646,Thiourea,S,,EX_so4_e,True,,False,,,
647,D-Serine,N,C3H7NO3,EX_nh4_e,True,EX_ser__D_e,True,True,34.731331,optimal
648,D-Serine,C,C3H7NO3,EX_glc__D_e,True,EX_ser__D_e,True,True,33.295776,optimal
649,Succinic Acid,C,C4H4O4,EX_glc__D_e,True,EX_succ_e,True,True,17.473351,optimal


## Deriving species-specific models

A species-specific GSMM is here defined as a GSMM composed by all the reactions **always** present in **all** the strain-specific GSMMs of the species. After gap-filling the strain-specific GSMMs, one species-specific GSMM is derived for each of the species inputted in `gempipe recon`. Having a representative GSMM for each species eneable you to perform **comparisons** at the species level, detecting for example which pathways are characterizing a species from the others.



## Output files

`gempipe derive` produces 2 **main** output files in the current directory (`-o`/`--outdir`):

* **strain_models_gf/*.json.** The gap-filled strain-specific GSMMs.

* **species_model/*.json.** The species-specific GSMMs.

Other useful files are the following:

* **strain_models/*.json.** The strain-specific GSMMs, before gap-filling. 

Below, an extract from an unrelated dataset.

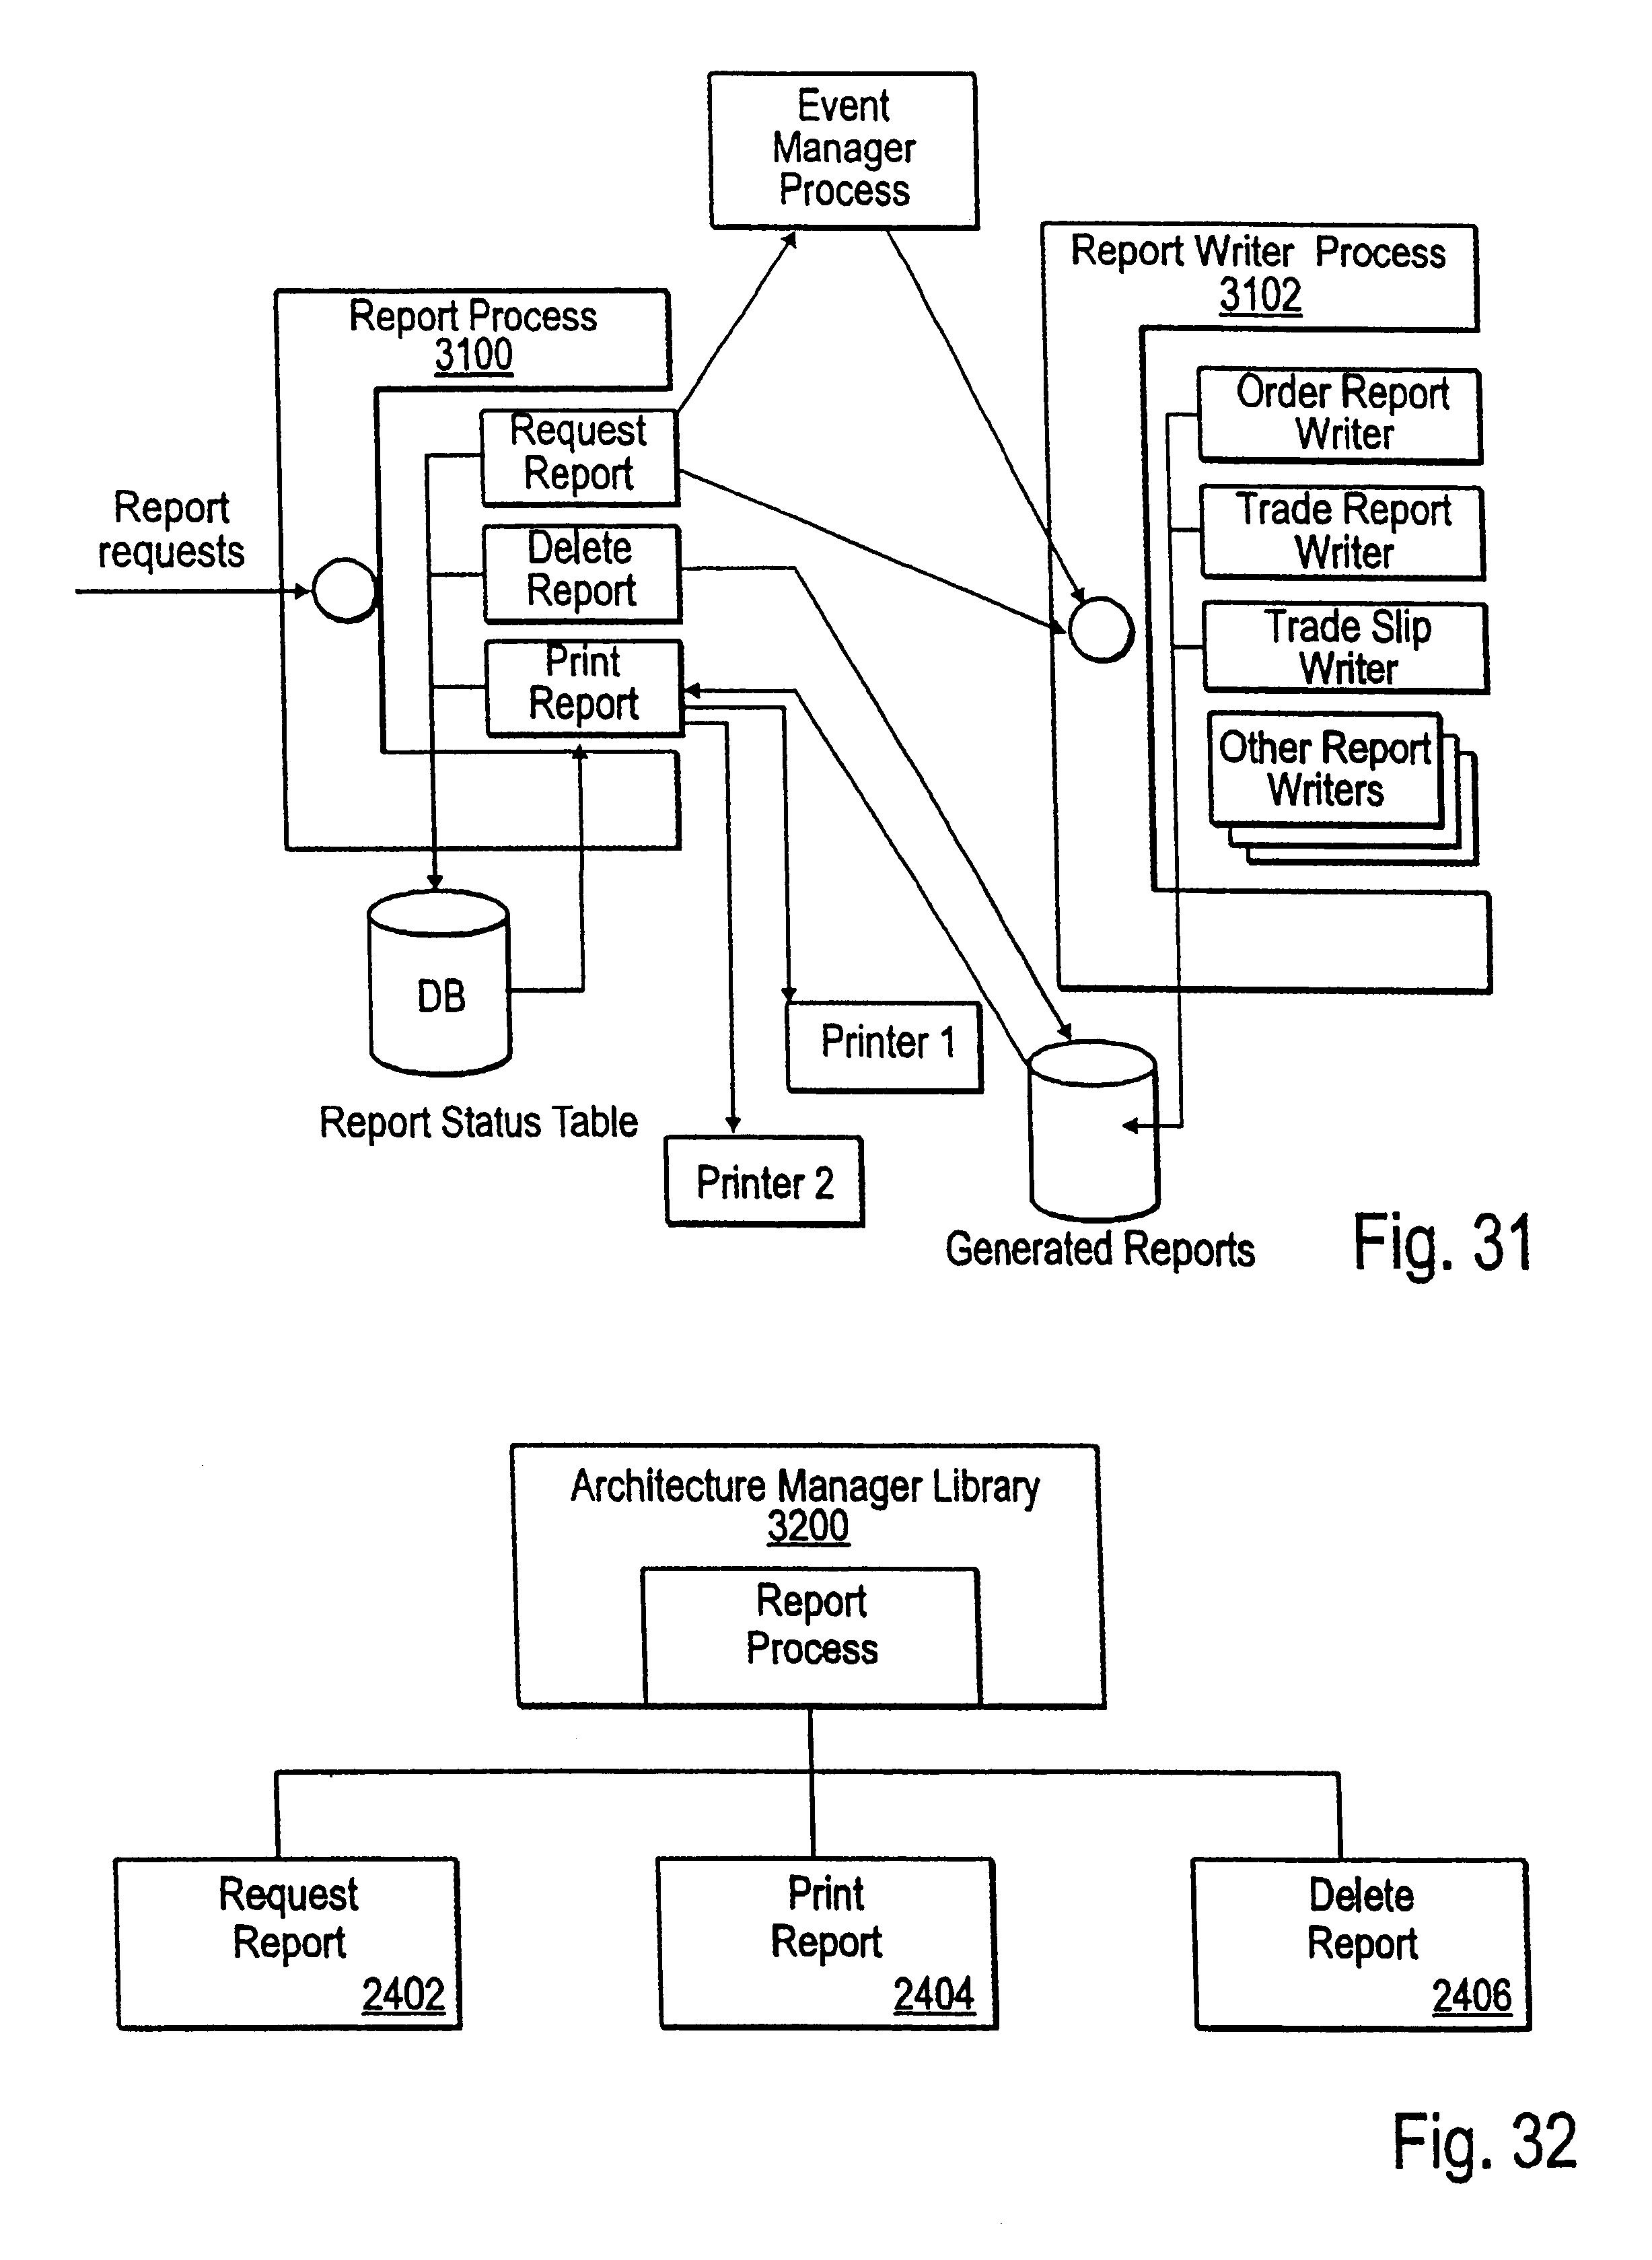 Patent US 6,601,192 B1
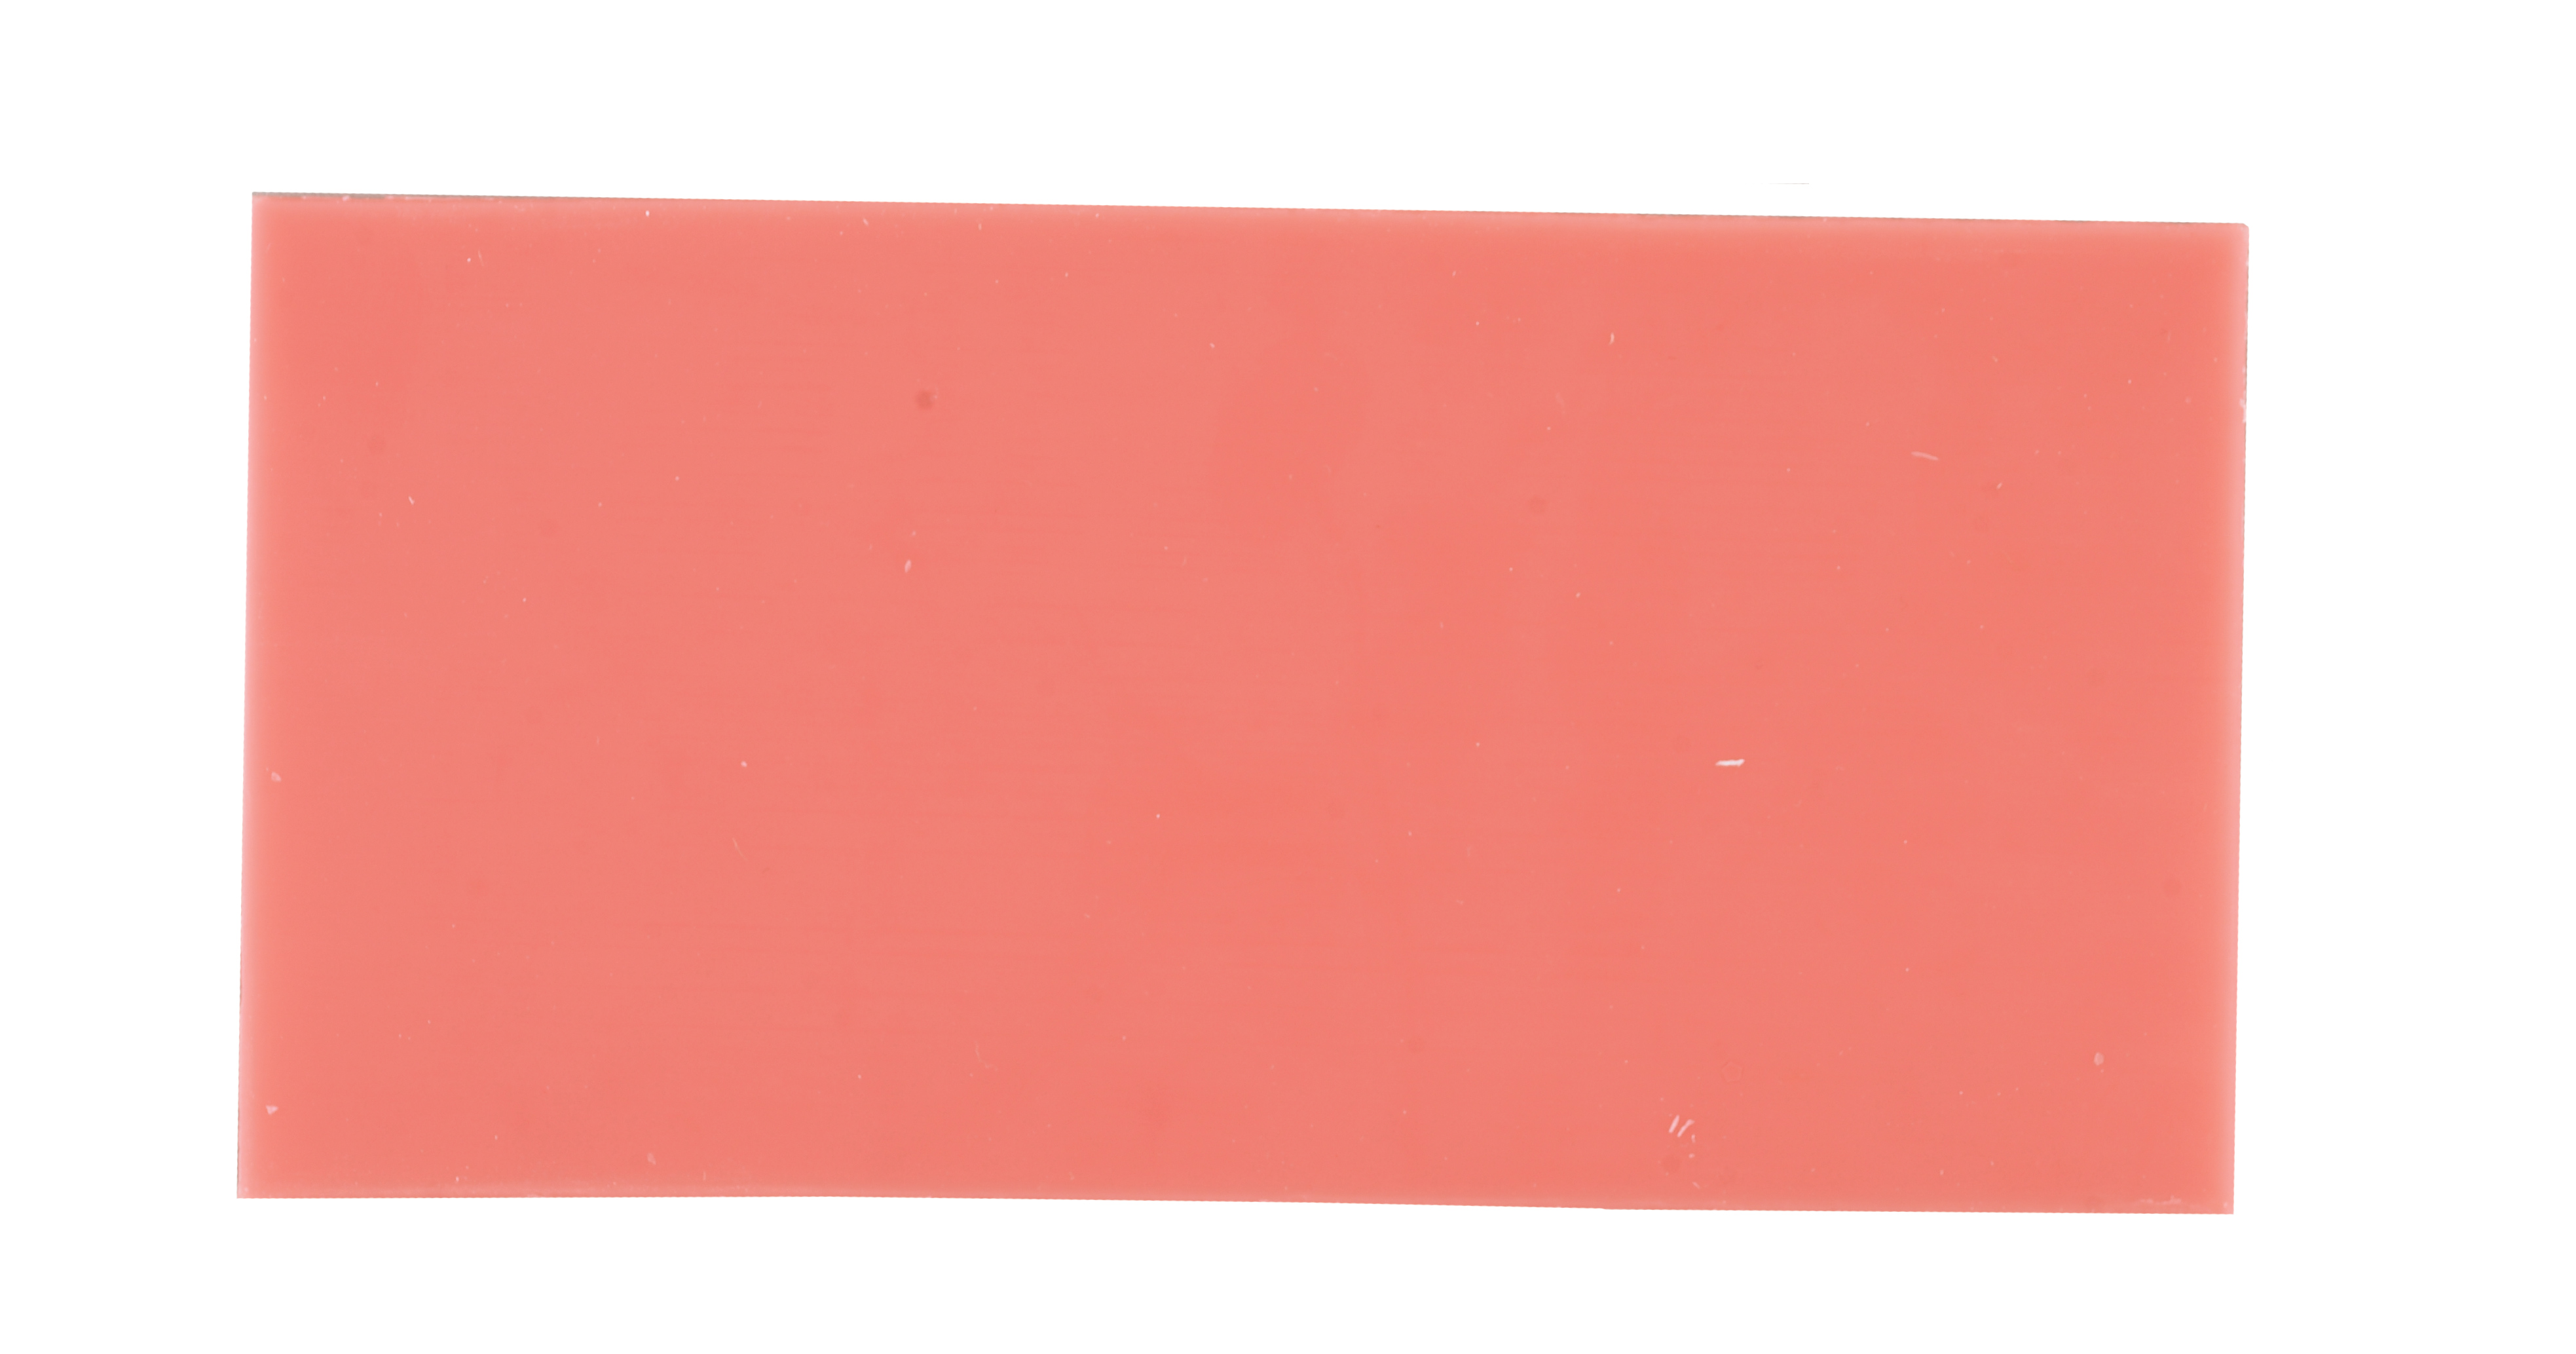 beauty-wax-medium-pink-1-lb-116-56510-miltex.jpg

* **derive_strains.csv.** Table showing metrics for each strain-specific GSMM, such as the number of reactions, the objective value and the solver status, before and after the gap-filling step. 

* **derive_species.csv.** Table showing metrics for each species-specific GSMM, such as the number of reaction, the objective value and the solver status. One row for each species inputted in `gempipe recon`.